The operation was performed without unexpected complications. However, the patient's LV function had deteriorated significantly, and she could not be weaned from cardiopulmonary bypass. In addition, hemostasis was difficult to achieve. Thus, a percutaneous LV assist device, Impella 2.5 (Abiomed, Tokyo, Japan), was inserted. Despite circulatory assistance, central extracorporeal membrane oxygenation was required in her second postoperative week. Extracorporeal membrane oxygenation was weaned with intra-aortic balloon pumping, and all mechanical circulatory supports were removed on postoperative day (POD) 16. Respiratory supports were stopped on POD 43. Renal replacement therapy was necessary from POD 2 to POD 58. Brain magnetic resonance imaging showed no signs of abnormality. She was discharged on POD 80 and was provided with home oxygen therapy.

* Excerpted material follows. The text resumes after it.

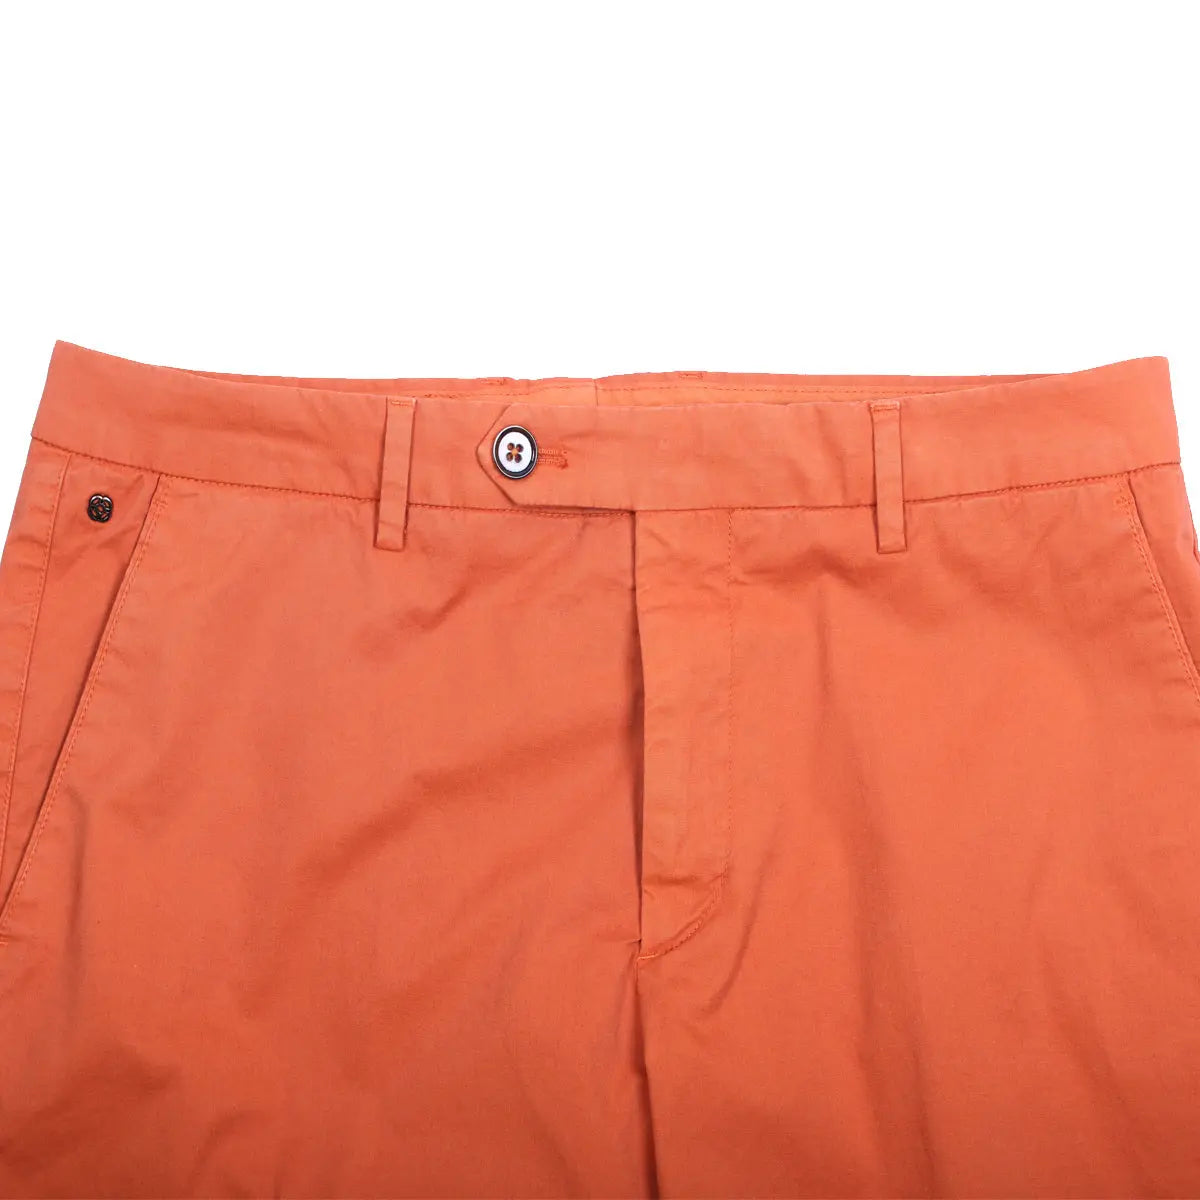 Dark Orange Cotton Stretch Slim Fit Chino Shorts  Robert Old   
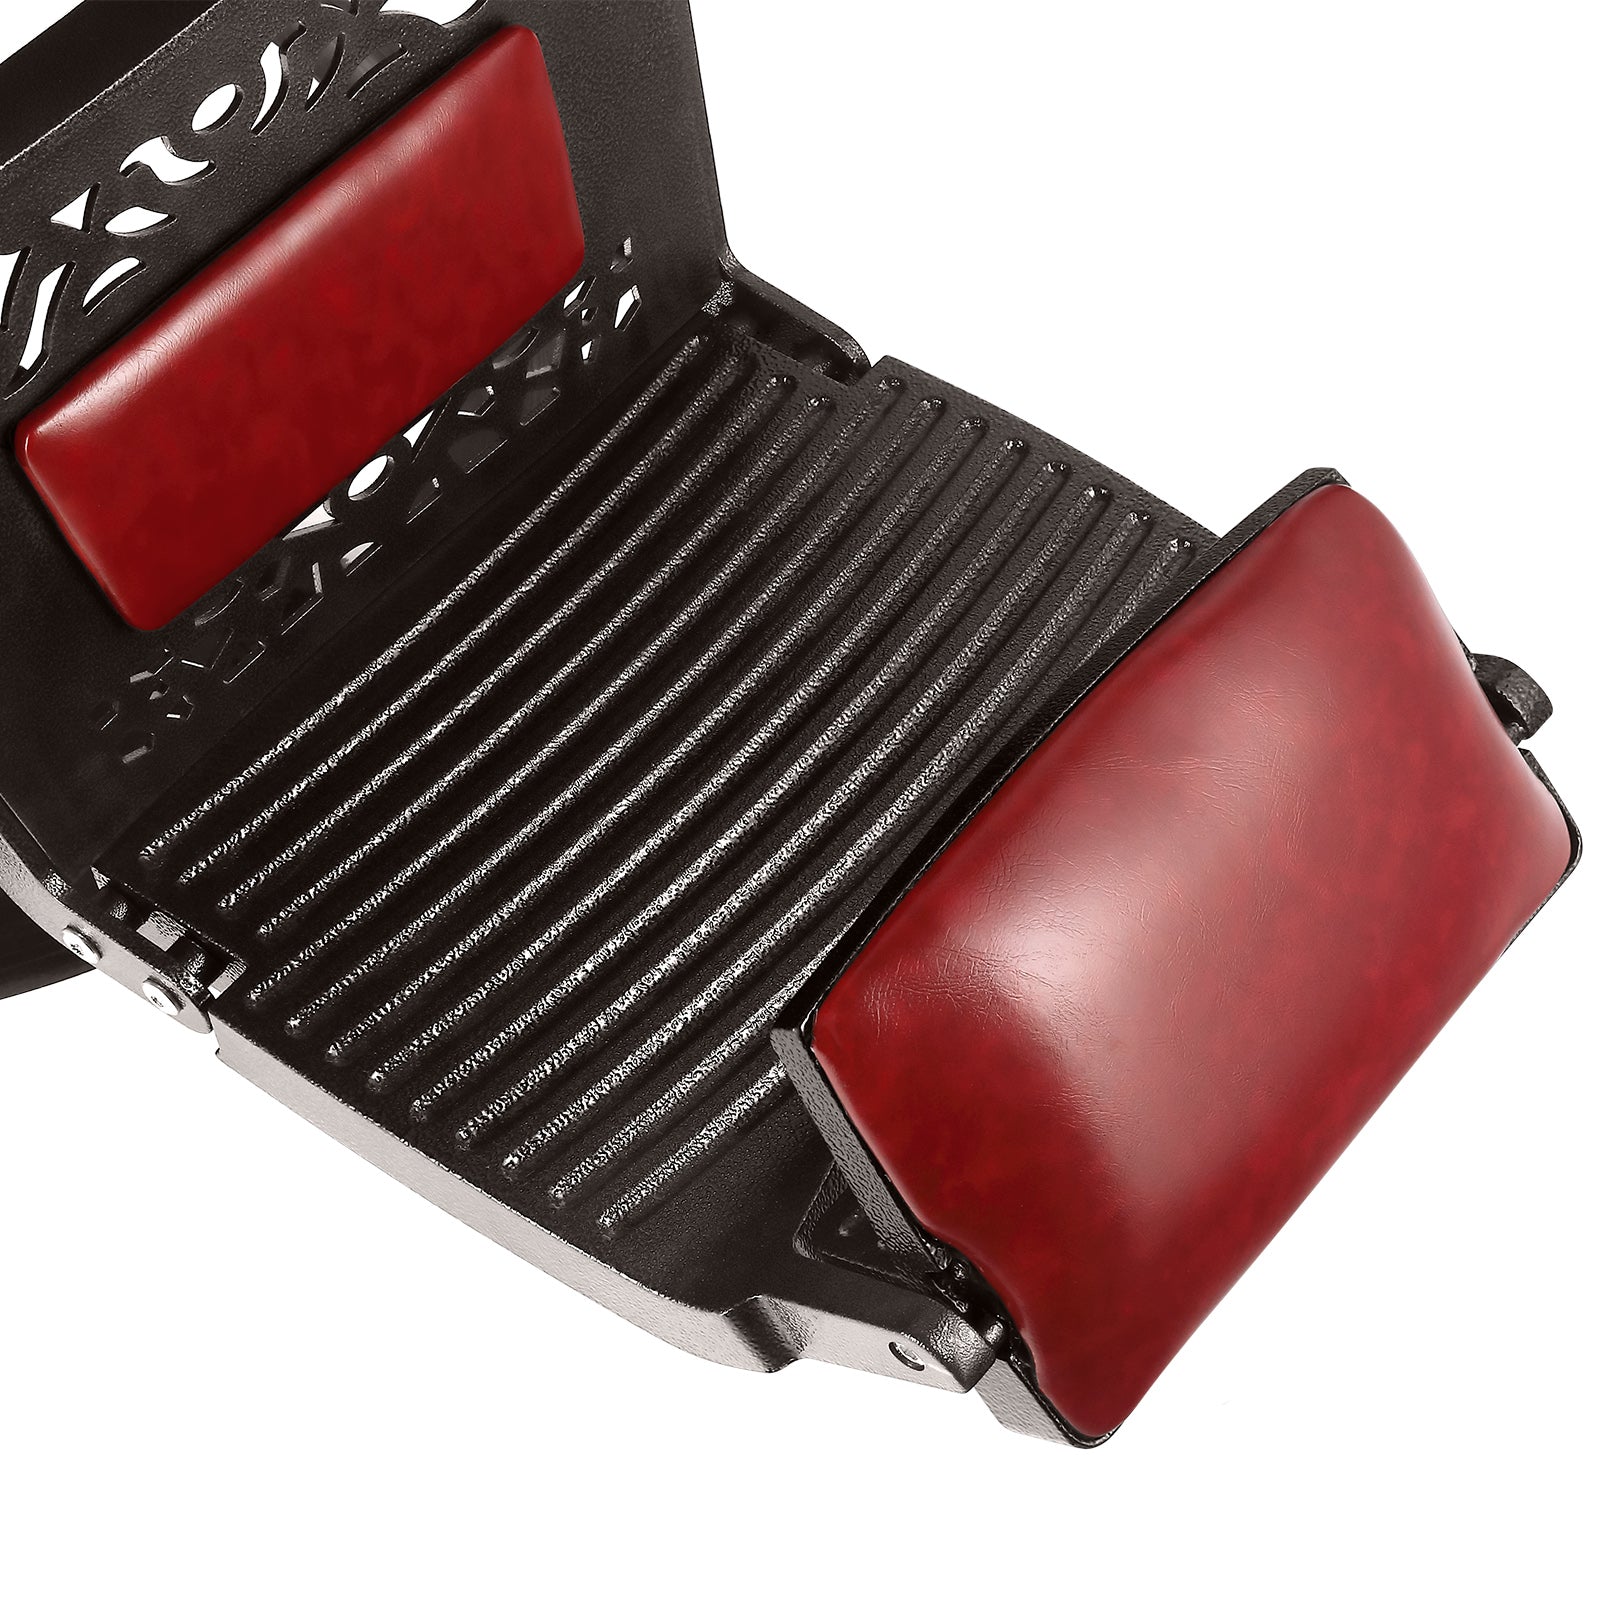 #5123 Vintage Heavy Duty Hydraulic Reclining Barber Chair

One year after the surgery, cardiac catheterization was performed (Table 1). PAH had improved, and the LV was functioning efficiently. Her serum creatinine level had increased from 0.57 mg/dL to 0.84 mg/dL, and her estimated glomerular filtration rate had reduced from 98 mg/min/1.73 m2 to 64 mg/min/1.73 m2, indicating that chronic kidney disease occurred since the operation. Her New York Heart Association functional classification remained at class II.

Discussion

We discuss the first reported case of single-stage ASO conversion for an adult patient with dTGA and PAH due to a baffle leak after a Senning procedure. We considered three issues regarding this case.

First, we had to determine whether the PAH of this patient was a contraindication for surgery. Baffle leaks are a well-known adverse outcome of atrial switch operations. A recent review reported that 8 % of patients in a cohort needed reintervention following an atrial switch operation, of which 56 % required baffle repair [1].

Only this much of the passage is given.